Value Nodes are defined here https://www.w3.org/TR/shacl/#value-nodes <https://www.w3.org/TR/shacl/#value-nodes>

Sh:not is defined here https://www.w3.org/TR/shacl/#NotConstraintComponent <https://www.w3.org/TR/shacl/#NotConstraintComponent>

> ex:p1 a ex:Person;
>  rdfs:label “”, [].

ex:p1 is a target for ex:Person shape.

It is invalid when validated against

>  [ sh:path rdfs:label ; sh:nodeKind sh:Literal ; ] .

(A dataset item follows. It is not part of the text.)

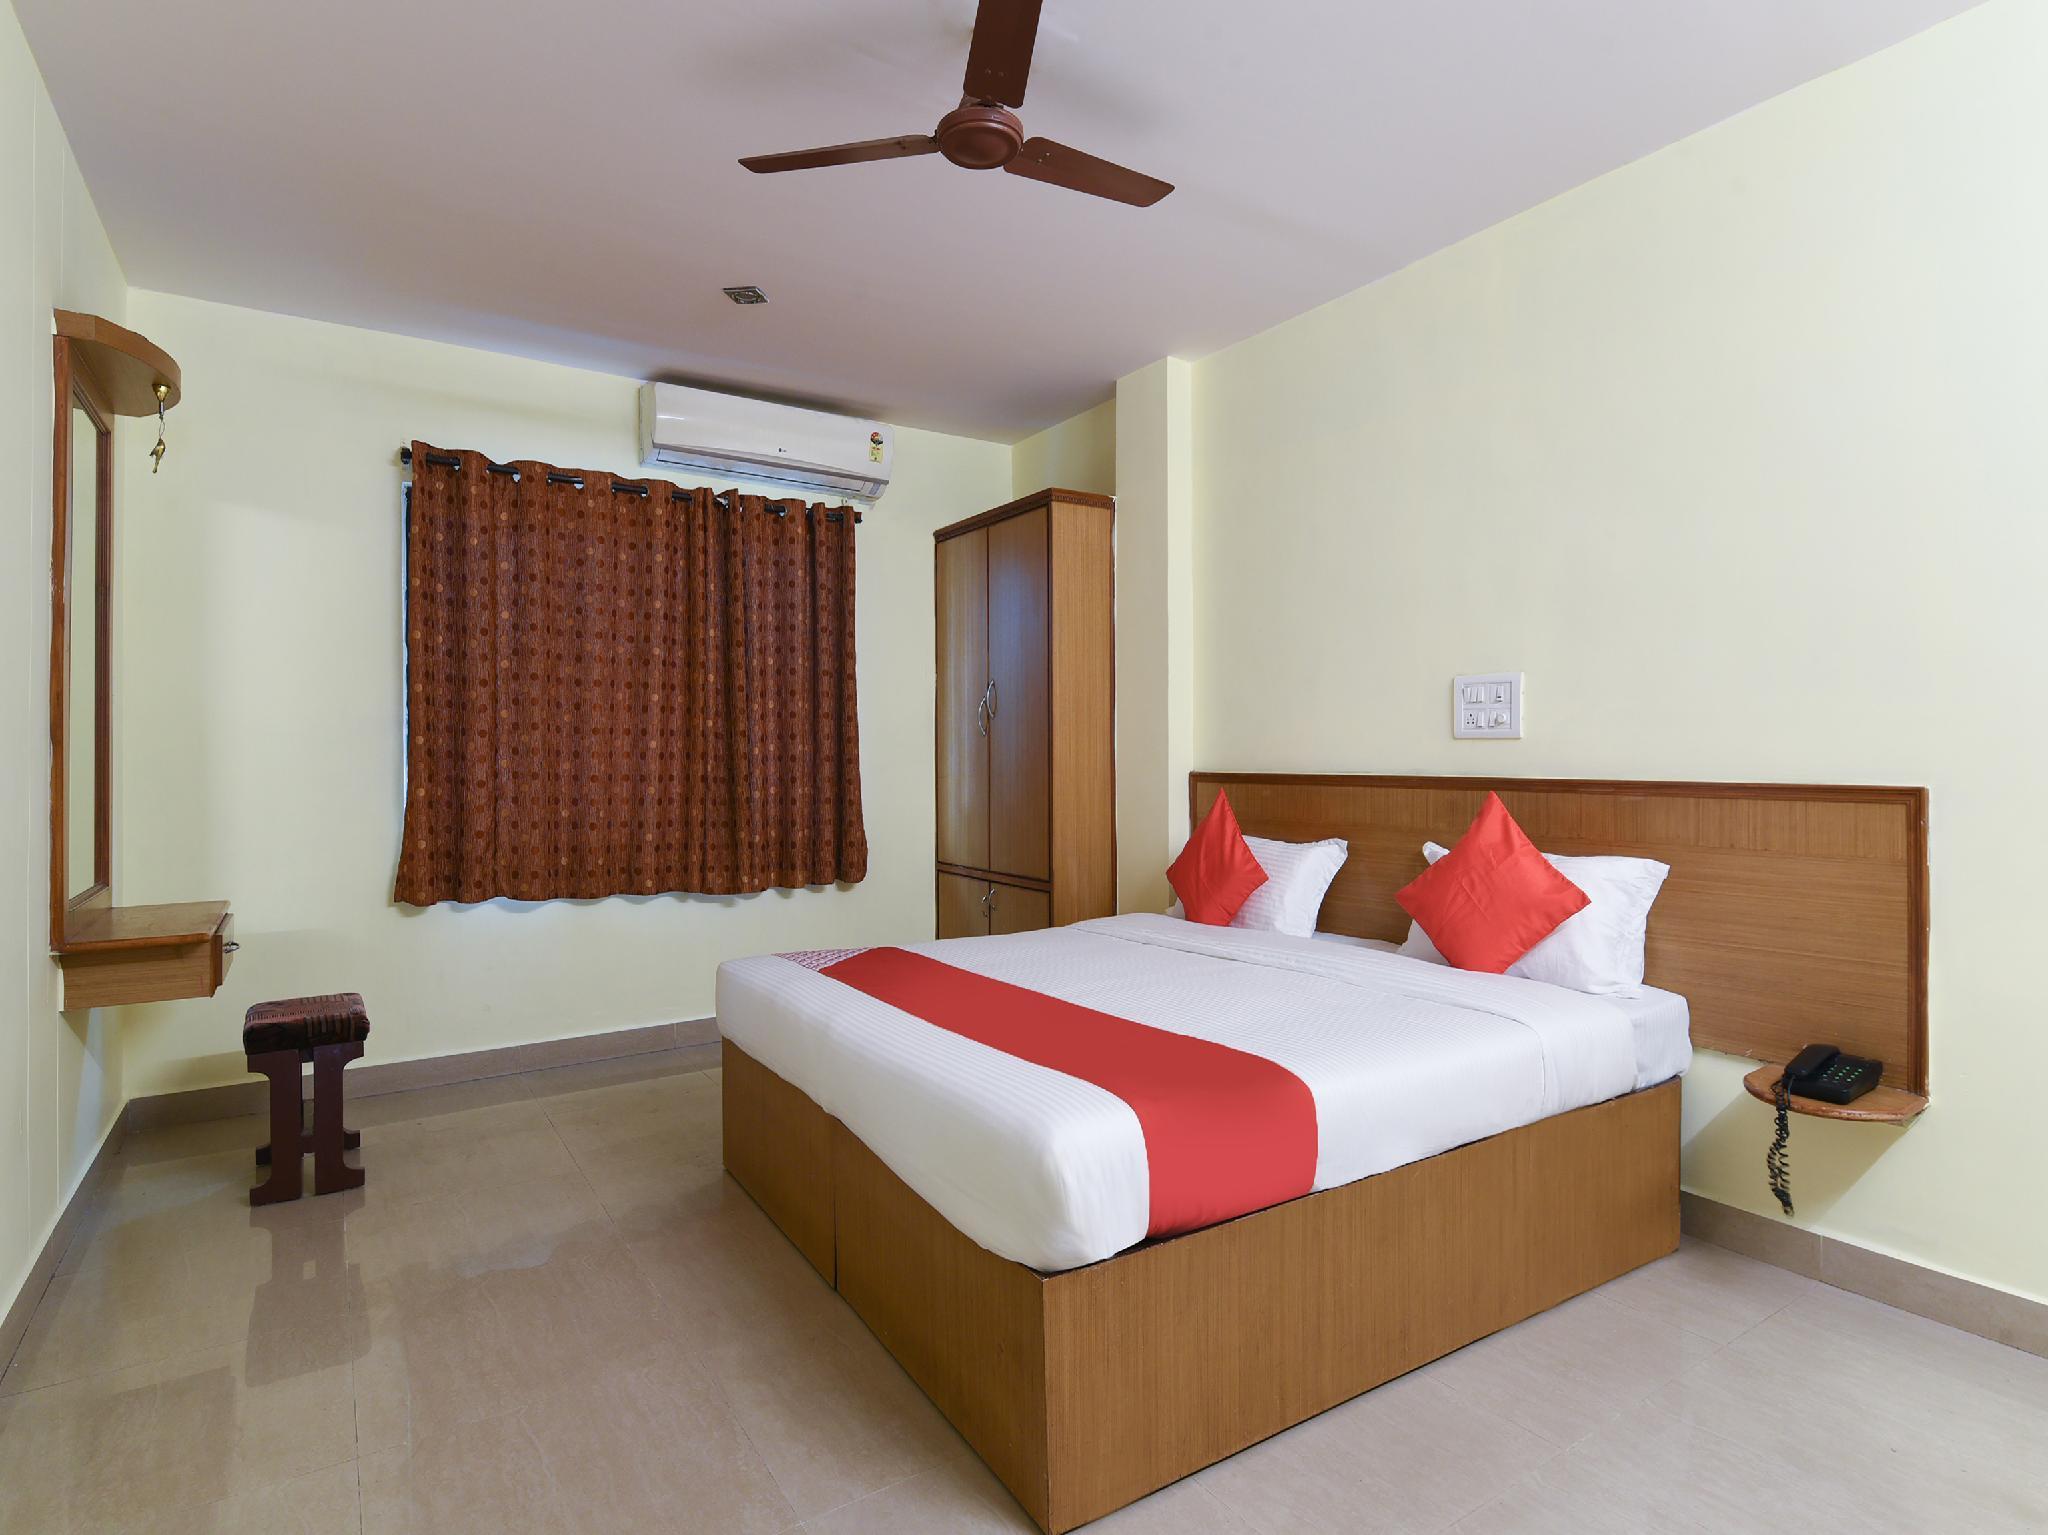 OYO 18993 Hotel Jyoti Swaroopa

This means that it is valid for

> ex:Person  a sh:NodeShape, owl:Class ; 
>  sh:not [ sh:path rdfs:label ; sh:nodeKind sh:Literal ; ] .


On the other hand,

> ex:Person  a sh:NodeShape, owl:Class ; 
>  sh:property [ sh:path rdfs:label ; sh:not [sh:nodeKind sh:Literal] ; ] .

Says that for a person such as ex:p1, values of their rdfs:label shouldn’t be literals. Otherwise, it is invalid.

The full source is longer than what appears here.